Wall Street has been enjoying a stellar ride after being badly beaten down by the COVID-19 pandemic. This is especially thanks to improving economic data, progress in coronavirus vaccine or treatments, and a massive stimulus program by the Fed and government.
Though the two major indices – the S&P 500 and Dow Jones – are in red from a year-to-date look, the Nasdaq has been hitting new highs. It has gained nearly 13% in the first half of this year. We have highlighted some reasons for this outperformance below:
The index has been mainly powered by the soaring technology sector, which accounts for nearly half of the portfolio. Though the worst pandemic had halted business activities for nearly two months, impacting growth of each and every sector, it has given a strong boost to stay-at-home stocks. These stocks mostly belong to the technology sector, especially cloud computing, gaming and e-commerce as people opted to work and stay entertained at home. Investors have also largely piled up software shares which are apparently more insulated from the impacts of the virus.
Buoyed by this trend, many FANG stocks and its likes have hit new all-time highs. In fact, the combined market value of the big four companies — Facebook (FB - Free Report) , Apple (AAPL - Free Report) , Amazon (AMZN - Free Report) and Microsoft (MSFT - Free Report) — is now close to $5 trillion (read: 5 Niche Tech ETFs That Have Gained More Than 30% in 1H).
Consumer services’ stocks, the second-largest holding on the Nasdaq index, also moved up on a the surge in online shopping due the forced closure of retail stores.
A number of pharma and biotech companies, whether big or small, are racing to create and develop vaccine or a treatment to fight against the novel coronavirus disease. This opportunity has resulted in a strong rally for the stocks in the healthcare sector, which is the third top sector and accounts for double-digit exposure in the Nasdaq index (read: Moderna a Step Closer to Coronavirus Vaccine: ETFs to Gain).
Broad Market Rally
With the easing of lockdown measures, economic activities have picked up, resulting in higher consumer confidence. The latest bouts of data indicate that economic damage from the coronavirus pandemic was less severe than anticipated.
Investors seeking to ride the Nasdaq bulls could consider the following ETFs. These funds might see massive trading volumes in the days ahead if the trend prevails.
Invesco QQQ (QQQ - Free Report)
This ETF provides exposure to 103 largest domestic and international non-financial companies listed on the Nasdaq by tracking the Nasdaq 100 Index. QQQ is one of the largest and most popular ETFs in the large-cap space, with AUM of $115.2 billion and average daily volume of 51.8 million shares.
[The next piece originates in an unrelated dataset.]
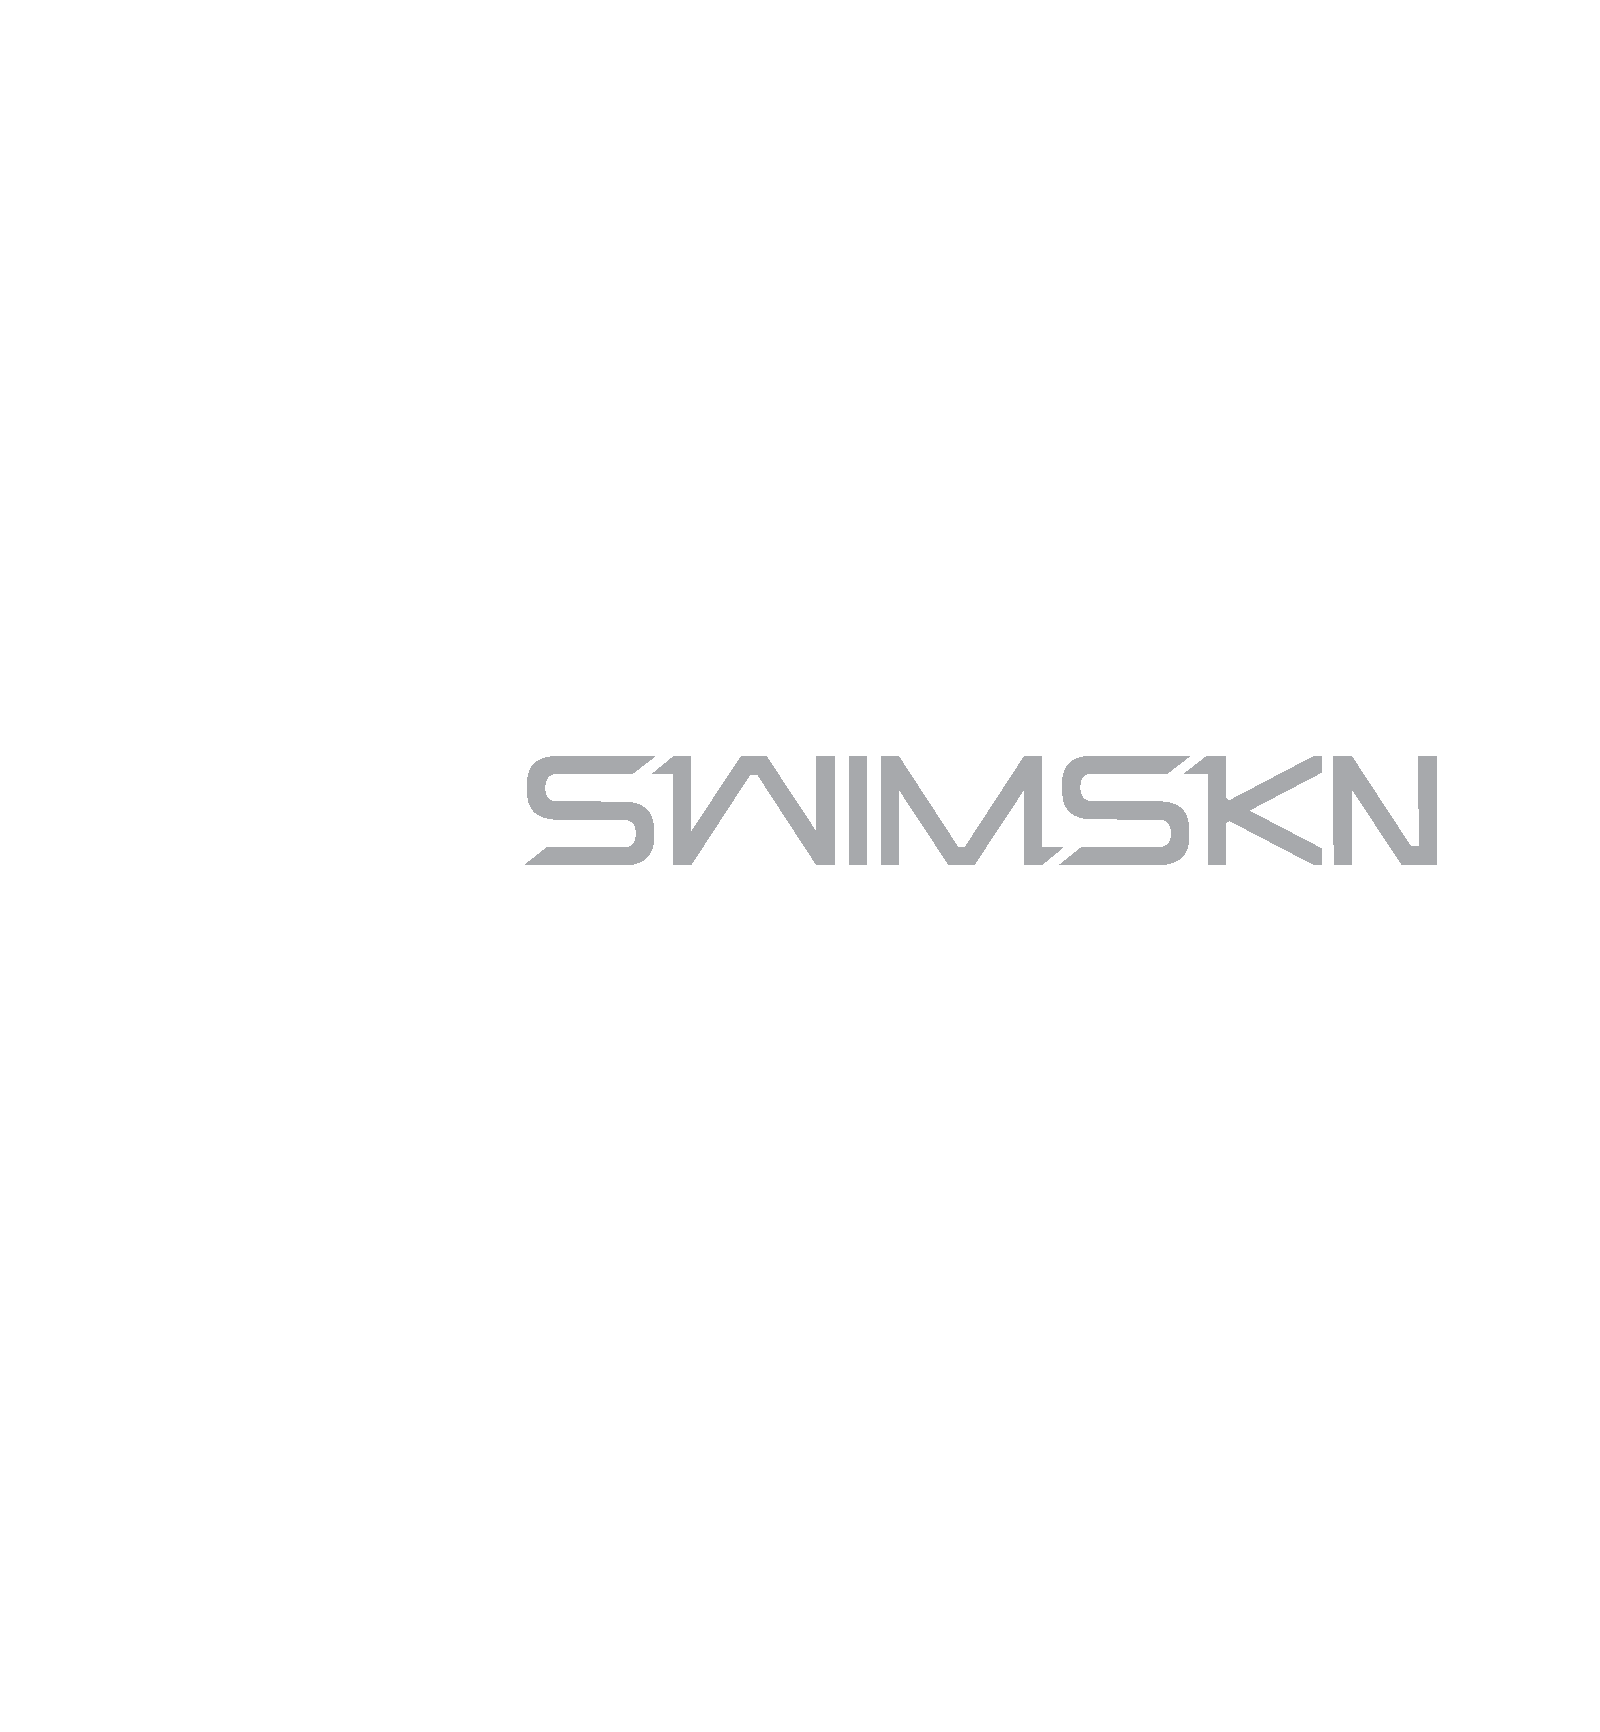 Robertstown-Orca-Racesuits-RS1-Swmskn-Logo-1

It charges investors 20 bps in annual fees and has risen 17.5% so far this year. The fund sports a Zacks ETF Rank #1 (Strong Buy) with a Medium risk outlook (read: Nasdaq Continues to Excel : 5 Best Stocks in ETF).
First Trust NASDAQ-100 Equal Weighted Index Fund (QQEW - Free Report)
Holding 104 stocks, this fund provides equal exposure to stocks onthe Nasdaq-100 Index. It has amassed $843.6 million in its asset base while it trades in lower volumes of nearly 113,000 shares a day on average. It charges 59 bps in annual fees and has gained 8.8% in the year-to-date period. QQEW carries a Zacks ETF Rank #3 (Hold) with a Medium risk outlook.
Fidelity Nasdaq Composite Index Tracking Stock (ONEQ - Free Report)
This ETF tracks the Nasdaq Composite Index, holding a broad basket of 992 stocks. It has AUM of $2.7 billion and average daily volume of around 75,000 shares. The expense ratio comes in at 0.21%. The product has gained 27.8% in the year-to-date frame and carries a Zacks ETF Rank #2 with a Medium risk outlook (read: Nasdaq ETF Hits New 52-Week High).
ProShares Ultra QQQ (QLD - Free Report)
Investors seeking to make big gains in a short span can bet on QLD. It provides twice the return of the NASDAQ-100 Index’s daily performance and exchanges around 2 million shares in hand on average. The fund has an AUM of $2.6 billion and charges 95 bps in fees and expenses. It has surged 22.8% so far this year.
ProShares UltraPro QQQ (TQQQ - Free Report)
For a more bullish approach, TQQQ could be an excellent choice. It also tracks the NASDAQ-100 Index but offers thrice the returns of the daily performance, with the same expense ratio of QLD. The fund has managed an AUM of $6.3 billion and sees nearly 41 million shares in average daily volume. TQQ had returned nearly 15.3% in the year-to-date period.